When activity drops to zero:

1. **Scale Down Resources**: Remove active threads, reduce memory allocation
2. **Minimize Buffer Pool**: Reduce to minimum required by InnoDB
3. **Maintain Connections**: Proxy keeps application connections alive
4. **Quick Reactivation**: Instant scale-up when activity resumes

### Parked State

After extended inactivity (several hours):

1. **Terminate Pod**: Database pod completely removed
2. **Preserve Storage**: Volume remains attached to service
3. **Proxy Management**: Proxy tracks parked state
4. **Automatic Recreation**: Pod recreated when activity resumes

## Buffer Pool Management

The database buffer pool is critical for performance. MariaDB Cloud implements intelligent buffer pool management:

### Dynamic Sizing

* **Proportional Scaling**: Buffer pool size adjusted with resource allocation
* **Performance Monitoring**: Track cache hit ratios during scaling operations

### Cache Hydration

When scaling up after a scale-down:

1. **Page Tracking**: Most frequently used pages identified during scale-down
2. **SSD Storage**: Page IDs stored on high-speed SSD storage
3. **Background Loading**: Frequently used pages reloaded into memory
4. **Performance Consistency**: Maintains cache hit ratios across scaling events

### Implementation Details

Buffer pool hydration process:

1. Before scale-down: SHOW ENGINE INNODB STATUS → identify hot pages
2. Store page IDs to fast SSD storage
3. During scale-up: Background process fetches pages from disk
4. Asynchronous hydration maintains query performance

## Live Migration System

For horizontal scaling, MariaDB Cloud implements transparent live migrations:

### Migration Triggers

* **High Watermark**: Migration initiated at \~70% memory utilization
* **Automatic Provisioning**: New instances created if needed
* **Workload Analysis**: Least-used databases migrated first

### Migration Process

1. **Snapshot Creation**: Create database snapshot on target instance
2. **Replication Setup**: Establish replication channel to source
3. **Synchronization**: Wait for replica to catch up
4. **Proxy Redirection**: Transparently redirect connections
5. **Source Cleanup**: Decommission source database

### Zero-Downtime Guarantees

* **Differential Snapshots**: Only changes copied after initial snapshot
* **Connection Preservation**: No application connection drops
* **Session Continuity**: All session state preserved during migration

## Storage Management

### Auto-Scaling Storage

MariaDB Cloud monitors and scales storage automatically:

#### Scaling Thresholds

* **Small Volumes** (< 100GB): Scale at 60% capacity
* **Medium Volumes** (100-500GB): Scale at 80% capacity
* **Large Volumes** (> 500GB): Scale at 95% capacity

#### Implementation

* **Continuous Monitoring**: PersistentVolumeClaim usage tracked
* **Proactive Scaling**: Scaling initiated before capacity exhausted
* **Block Storage Integration**: Currently uses cloud provider block storage (AWS EBS, Azure Disk, Google Persistent Disk)
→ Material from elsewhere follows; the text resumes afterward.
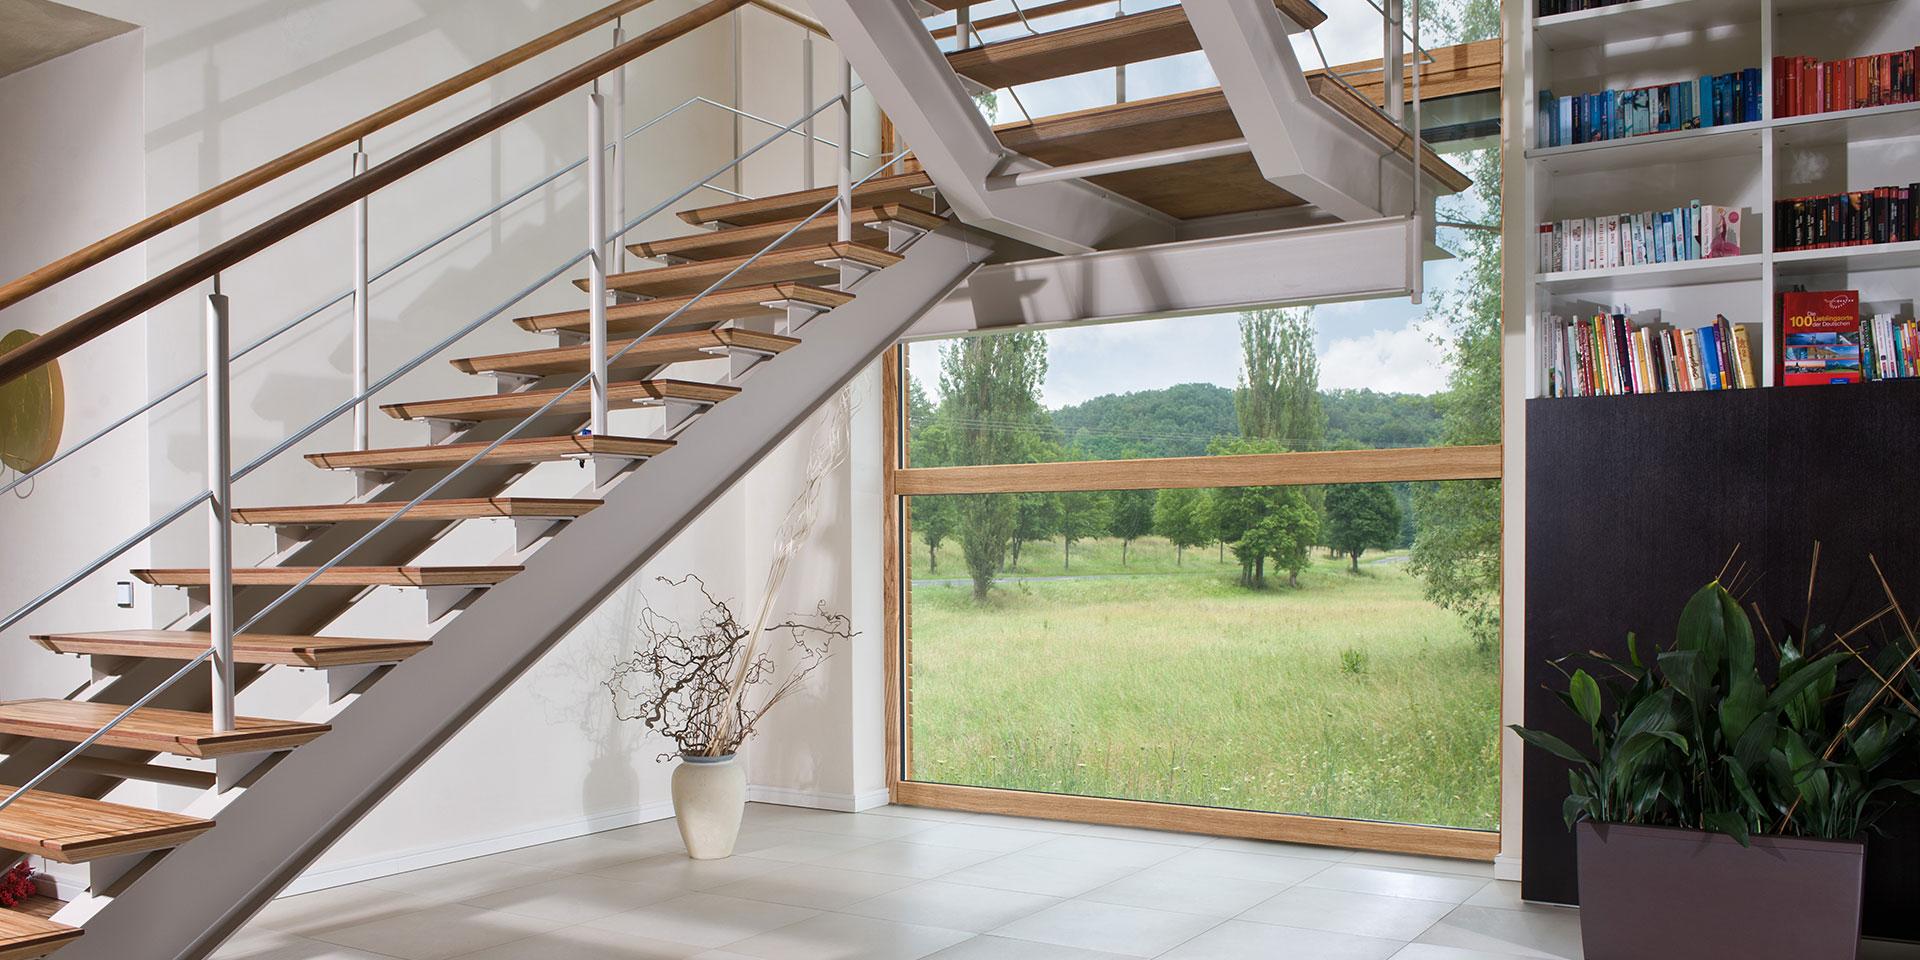 Döpfner Holz-Aluminium-Fenster

### Future Storage Innovations

MariaDB Cloud is evaluating distributed storage solutions:

* **Ceph/Rook Integration**: Self-managed distributed storage
* **Multi-Cloud Storage**: Storage spanning multiple cloud providers
* **Performance Optimization**: Custom storage optimizations for database workloads

## Security Architecture

### Network Security

* **Private Networking**: Database pods run in private subnets
* **Encryption in Transit**: TLS/SSL for all connections
* **Firewall Integration**: Cloud-native security group integration

### Data Protection

* **Encryption at Rest**: All storage volumes encrypted
* **Key Management**: Integration with cloud provider key management services
* **Access Controls**: Role-based access control (RBAC)

### Isolation

* **Pod-Level Isolation**: Each database runs in isolated Kubernetes pod
* **Network Policies**: Kubernetes network policies for traffic control
* **Resource Isolation**: cgroups ensure resource isolation between databases

## Monitoring and Observability

### Real-Time Metrics

* **Resource Utilization**: CPU, memory, storage, and network metrics
* **Database Performance**: Query performance, connection counts, cache hit ratios
* **Scaling Events**: Auto-scaling decisions and their impact

### Alerting System

* **Proactive Alerts**: Performance degradation warnings
* **Scaling Notifications**: Automatic scaling event notifications
* **Failure Detection**: Immediate alerts for database failures

### Integration

* **Prometheus**: Metrics collection and storage
* **Grafana**: Visualization and dashboards
* **Custom Metrics**: Database-specific performance indicators

### Other Considerations

* **Vendor Lock-in**: MariaDB Cloud maintains portability
* **Cost Transparency**: No hidden charges or surprise costs
* **Performance**: Better performance due to no compute-storage disaggregation
* **Compatibility**: Full compatibility with existing applications

## Performance Characteristics

### Scaling Performance

* **Vertical Scaling**: Typically completes in < 5 seconds
* **Horizontal Scaling**: Live migration in < 30 seconds
* **Cold Start**: Database ready in < 100 milliseconds

### Query Performance

* **OLTP Workloads**: Equivalent to provisioned instances
* **Cache Performance**: Maintained through buffer pool hydration
* **Connection Overhead**: Minimal proxy overhead (< 1ms latency)

### Scalability Limits

* **Vertical Scaling**: Up to cloud provider instance limits
* **Horizontal Scaling**: Unlimited through live migration
* **Storage Scaling**: Up to cloud provider storage limits

## Future Enhancements

### Planned Features

1. **Analytics Integration**: On-demand OLAP with DuckDB integration
2. **Global Distribution**: Multi-region database deployment
3. **Advanced AI**: Machine learning-driven optimization
4. **Edge Computing**: Edge database deployments

### Research Areas

* **Quantum-Ready Encryption**: Future-proof security
* **Advanced Caching**: Intelligent cache management algorithms
* **Distributed Consensus**: Enhanced distributed database capabilities

## Best Practices

### Application Design

1. **Connection Pooling**: Use connection pooling in applications
2. **Graceful Degradation**: Handle temporary scaling events
3. **Monitoring Integration**: Implement application-level monitoring

### Performance Optimization

1. **Query Optimization**: Optimize queries for scaling environments
2. **Index Strategy**: Maintain appropriate indexes for workload
3. **Connection Management**: Minimize connection overhead

### Cost Optimization

1. **Workload Analysis**: Understand application usage patterns
2. **Scaling Limits**: Set appropriate scaling limits
3. **Resource Right-Sizing**: Monitor and adjust resource allocation

This architecture enables MariaDB Cloud Serverless to provide true serverless capabilities while maintaining the performance, reliability, and compatibility that enterprises require.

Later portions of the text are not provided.